-------- SUPPLIED DATA --------

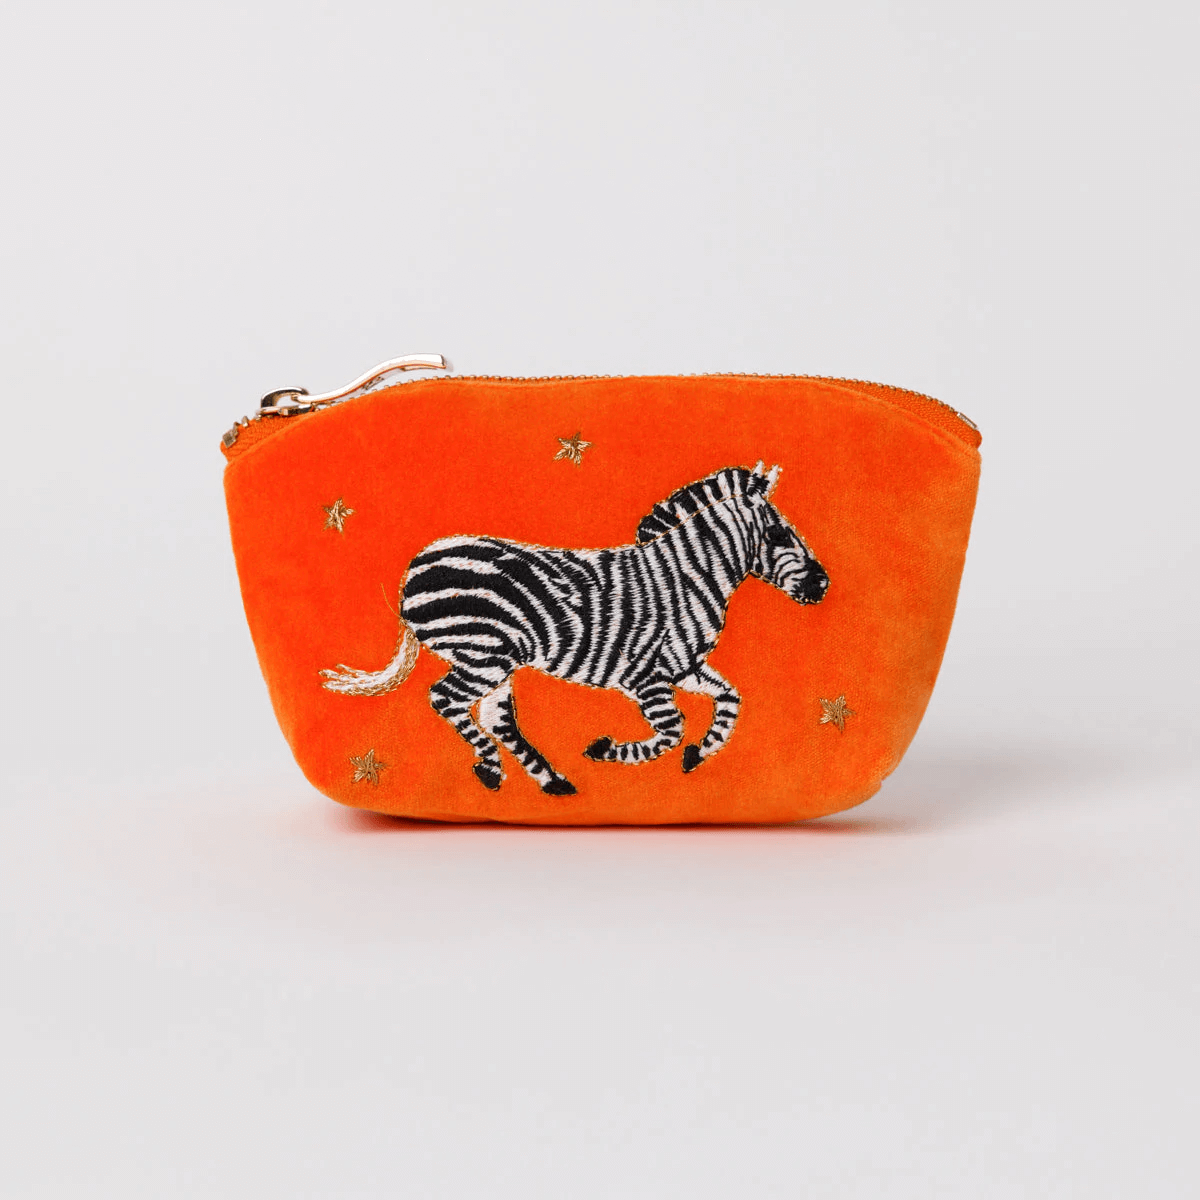 zebra-orange-velvet-coin-purse-001_b5a17027-9d92-494e-b7a1-f2a520dee7cb
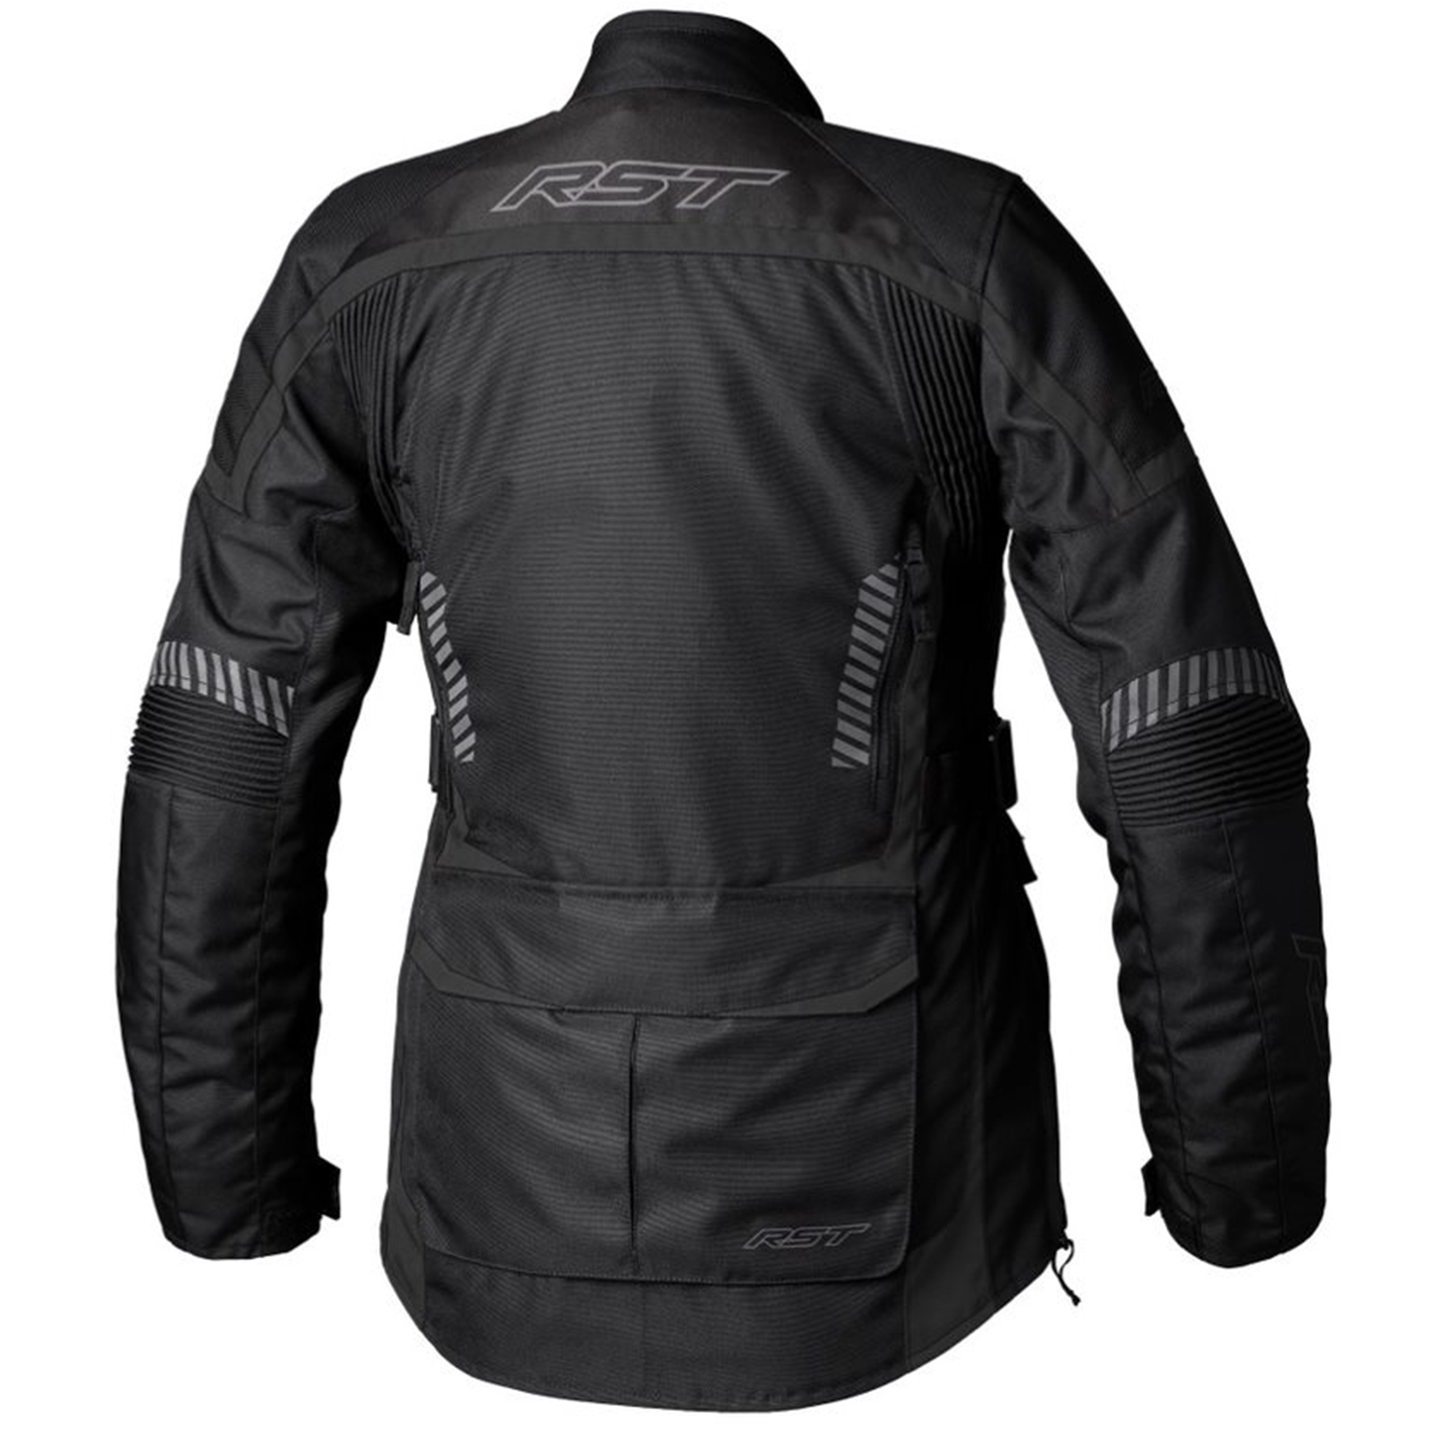 RST Maverick Evo (CE) Ladies Textile Jacket - Black
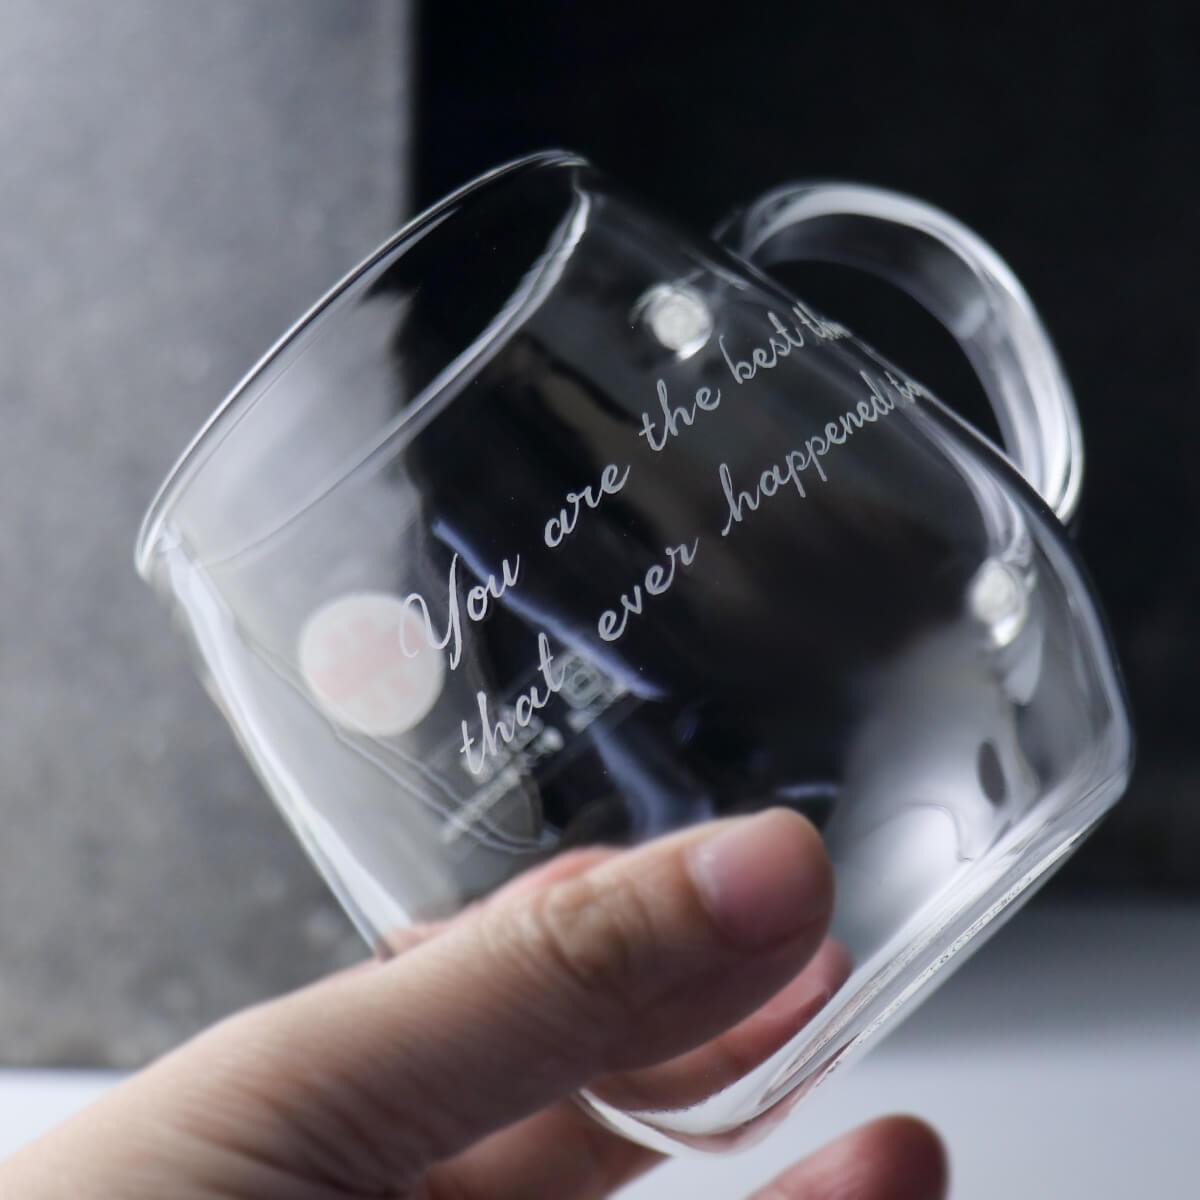 360cc【圓圓耐熱杯】日本HARIO刻字耐熱馬克杯 超輕薄 - MSA玻璃雕刻

--------

**EXERCISE AIM**: Could you write out the whole listing exactly, dropping the pictures?

**WRITTEN RESPONSE**:
 zebra-orange-velvet-coin-purse-001_b5a17027-9d92-494e-b7a1-f2a520dee7cb
 RST Maverick Evo (CE) Ladies Textile Jacket - Black
 360cc【圓圓耐熱杯】日本HARIO刻字耐熱馬克杯 超輕薄 - MSA玻璃雕刻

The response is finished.